With 59% of workers experiencing stress due to their jobs,work-related stress is more commonplace than ever. Which is why, Amanda Augustine, career advice expert at TopCV, says it’s important to recognise the signs and be aware of stresses going on in the workplace before it leads to burn out.
“While it may not be realistic to ‘flip a switch’ and forget about work the moment you leave the office, it’s a problem if your mind is occupied by it all the time,” she tells Cosmopolitan. The first step to spotting work-related stresses is to acknowledge certain behaviours and to recognise if they’re unhealthy.
How to spot work stress
When did you last take a lunch break, let alone a holiday?
If you find yourself forgetting to eat lunch, or desperately cramming down a packed lunch at your desk while the elusive ‘lunch hour’ alludes you once again, this might be the sign of more than just indigestion. Numerous studies have found that taking time off – whether that’s a holiday or a walk around the block – can decrease stress, increase productivity, improve health and focus, but when you’re at the height of stress, it can feel impossible to do.
Are you sleep deprived?
Despite feeling exhausted at the end of the working day, when it’s time to go to bed, you find that your mind is still racing with thoughts of work. Sound familiar? If you regularly feel wired when you go to bed and have trouble falling asleep due to anxieties about the day ahead, you need to do something about it.
Do you get the Sunday dread?
We’re all guilty of hating on Monday morning, but if you think your Sunday night mood might be down to work stress, you need to start taking it seriously.
Are you thinking about work constantly?
As Amanda says, “whether it’s Saturday night and you’re still dwelling over the work email you sent on Friday, or you’re out with friends and family and work is your go-to topic of conversation” if your job feels like it’s taking over your life? That isn’t healthy.
What to do about work stress
Here, Amanda shares her 7 tips for handling work-related stress.
1. Prioritise your workload.
Set yourself achievable goals and create priority lists of things that need to get done, things you’d like to get done, and tasks that aren’t your first concern right now. “Create a comprehensive to-do list with apps like Wunderlist or Todoist and prioritise your work,” Amanda tells us. “Be strategic in identifying the time of day when you’re most productive and use it to tackle a project or task that requires the most thought.”

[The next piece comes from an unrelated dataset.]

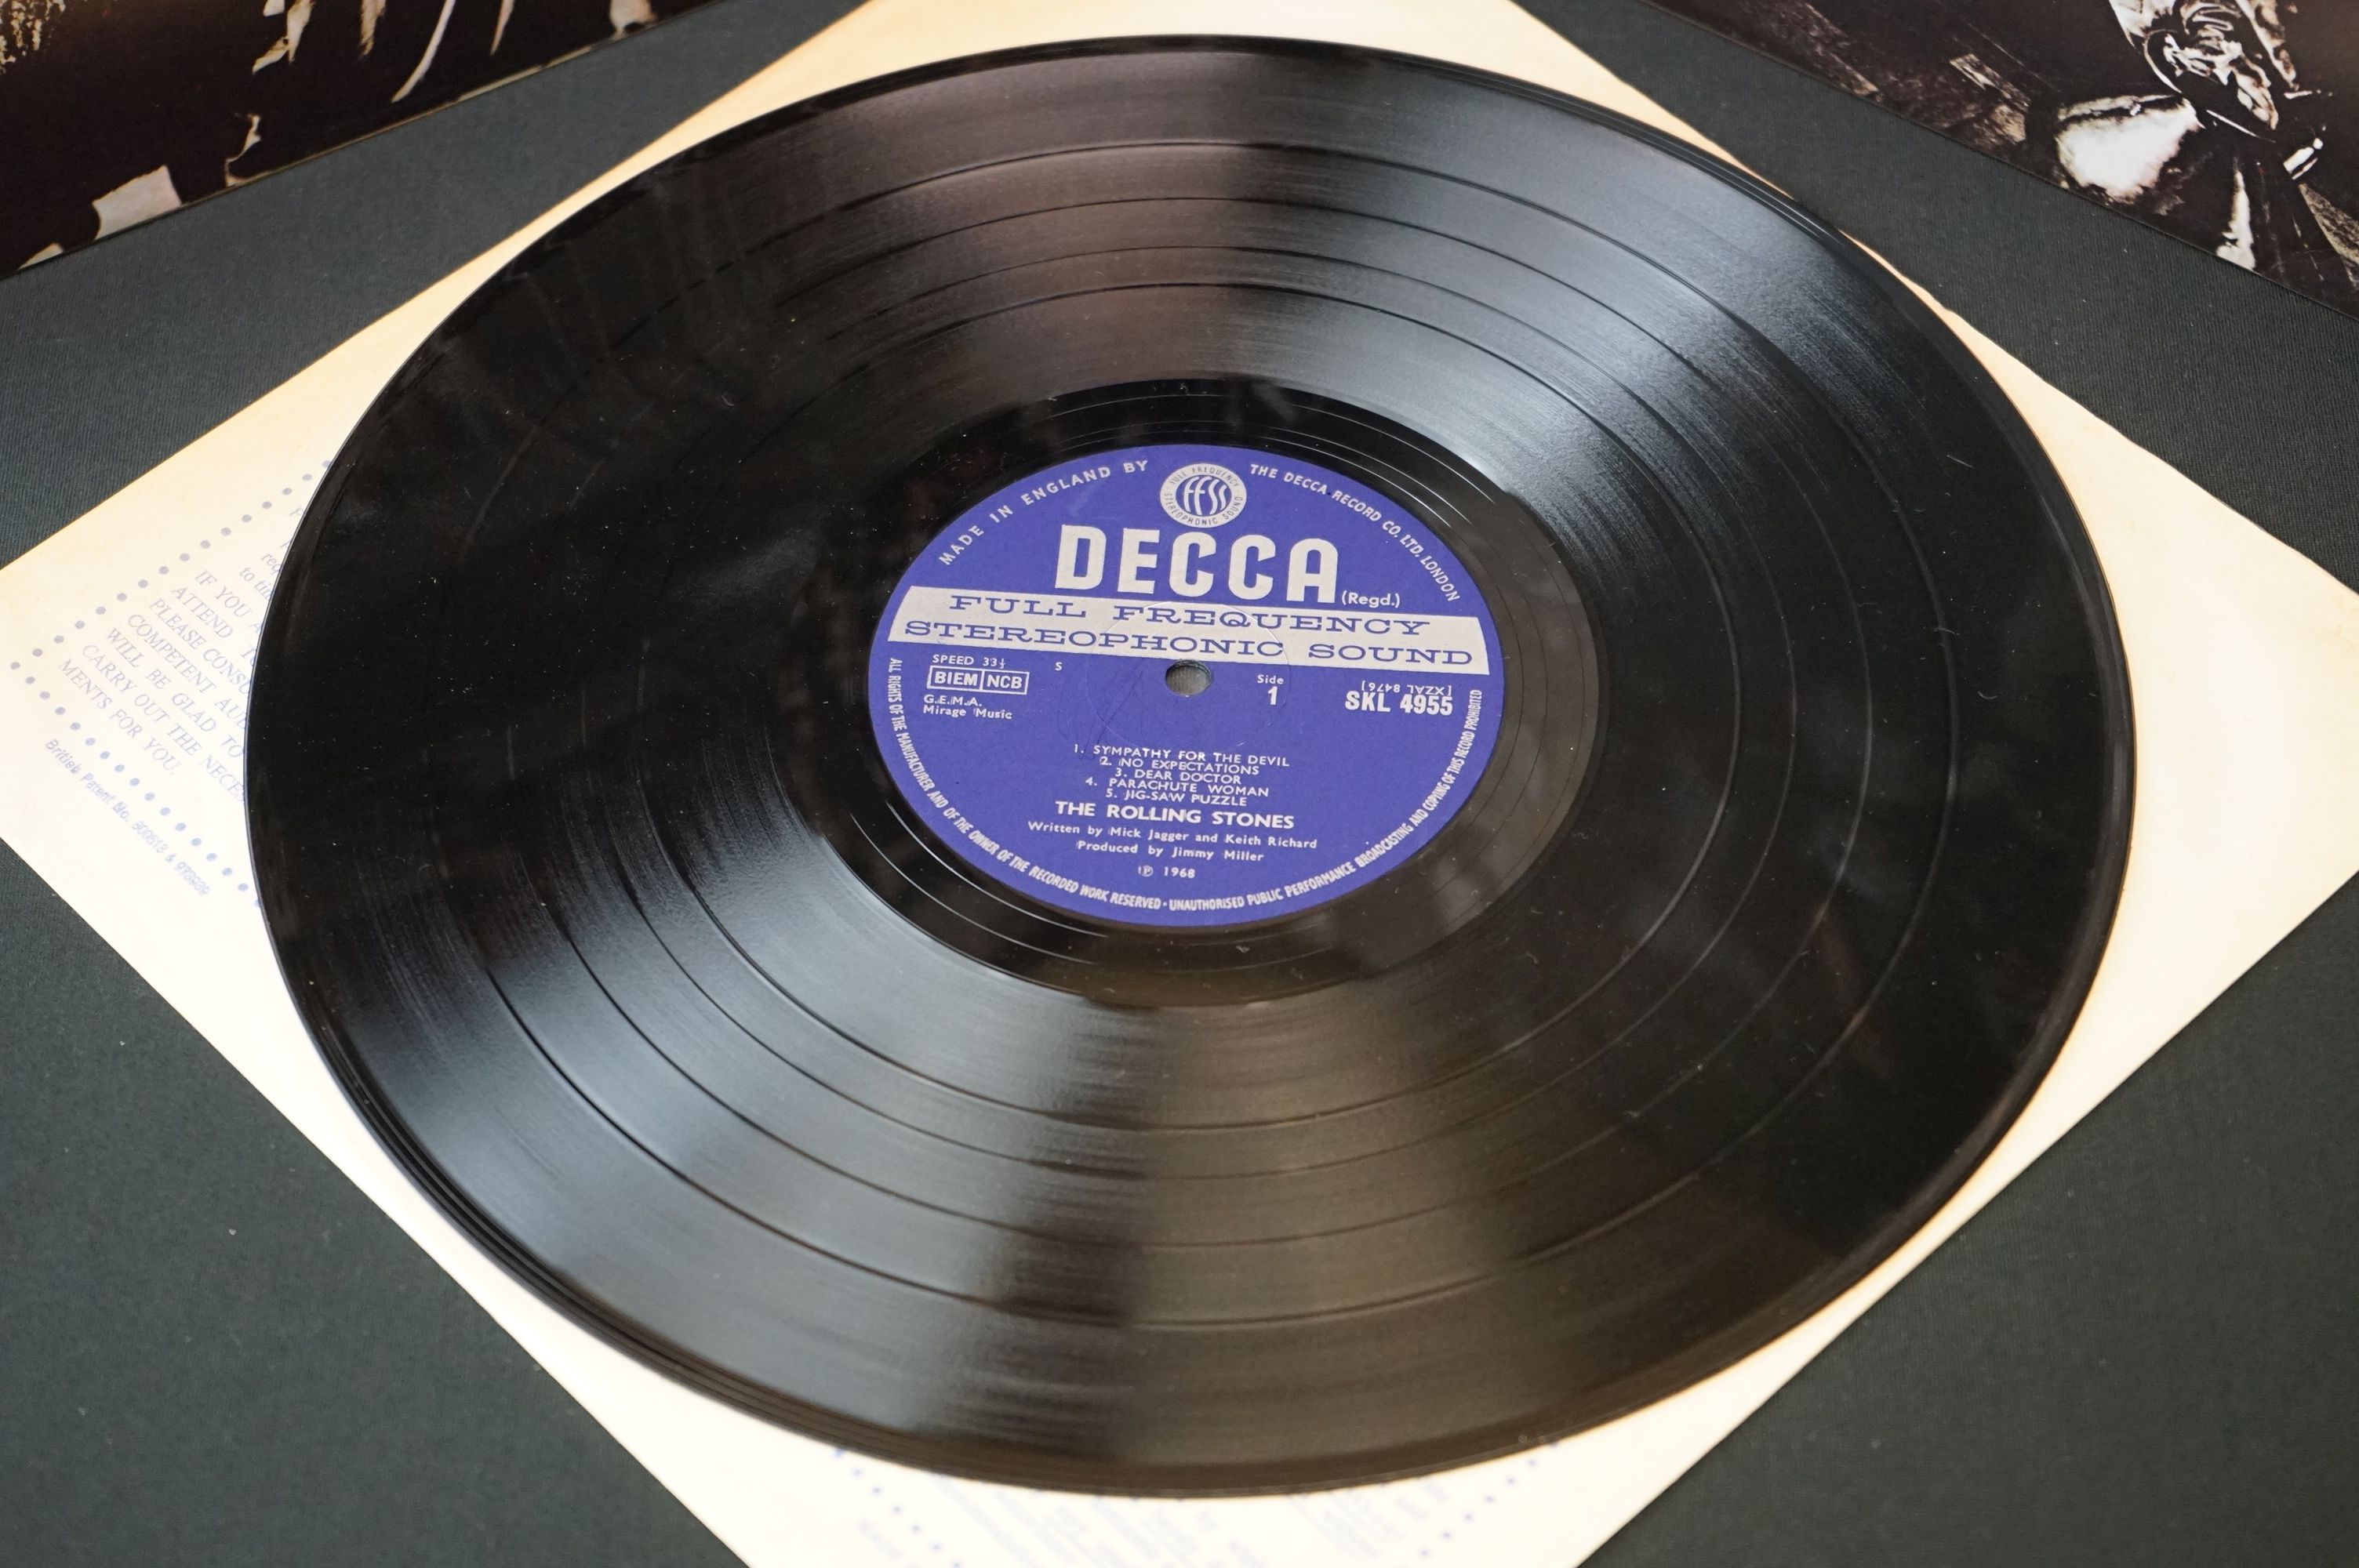 Vinyl - The Rolling Stones Beggars Banquet. Original UK 1st pressing Stereo copy with unboxed - Image 3 of 5

2. Delegate the rubber balls
And with that priority list, be prepared to drop some of the ‘To-dos’, or pass them onto other people – you’re likely stressing out because you’ve taken too much on, and there aren’t enough hours in the day to do it. “Consider each priority at work to be a ball that you’re juggling; some are made of glass, and others are rubber. When you’re juggling too many priorities, you’ll end up dropping a few along the way. Identify which ‘balls’ will bounce back if they are dropped, and see if you can have some of these delegated to other members of your team.”
3. Speak to your manager.
Work-related stress costs businesses billions of dollars each year, due to loss of productivity. Avoid going down that route by being honest with your manager about how your feeling, and seeing what they can do to help. As Amanda advises, “Have an open conversation with your manager to explain the situations that are causing you the most stress. The goal is not to list out complaints, but to work together to devise a plan that will help you manage these stressors more effectively so you can perform at your best.”
4. Organise your workspace
“Mess breeds stress,” the career expert continues. “There’s no reason to add unnecessary stress to your workload by being disorganised. Take a cue from Marie Kondo and declutter your workspace. Then, add a plant to your area; incorporating a little greenery into your work environment has been proven to reduce stress, lower blood pressure and increase positive feelings.
5. Prioritise self-care
While it can feel like work is taking over your life, make an extra effort to do things that you enjoy and that make you feel good. “Do some stress-busting activities that will boost your endorphins such as breathing exercises, physical activity, or meditation. Ditch your phone or put it on airplane mode, or download an app like the Stress & Anxiety Companion, or Headspace, that is designed to help you manage stress while on the go.”
6. Set work-life boundaries
We know this can be easier said than done, but feeling like we’re constantly contactable and available to reply to emails 24/7 can increase work anxiety no end. “Technology was supposed to liberate us from much of the daily slog, but it often makes things worse because now we’re always ‘switched on’,” Amandra agrees. “For many professionals, this increasingly blurs the line between work and home life, so setting clear boundaries is a must. Block off chunks of time in your calendar for hobbies, family etc. and communicate to your team when you will be completely ‘off grid’.”
7. Consider a change
If you’re reading through this list and genuinely don’t think any of the suggestions might help your chronic work stress, it may be time to make a change. “Take some time to sort out your next career move, and then update your CV with this goal in mind,” the career advice expert at TopCV says.
“The average UK employee can expect to spend a total of 82,068 hours working over their lifetime, the equivalent of 3,420 nonstop days on the bounce. Over that period, we’ll likely get just four per cent more time with our partner or family than we do with our work colleagues. These are the hard facts of working life, but they illustrate the need to take great care in our career choices so that we are happy with the direction in which those 82,068 precious hours are heading.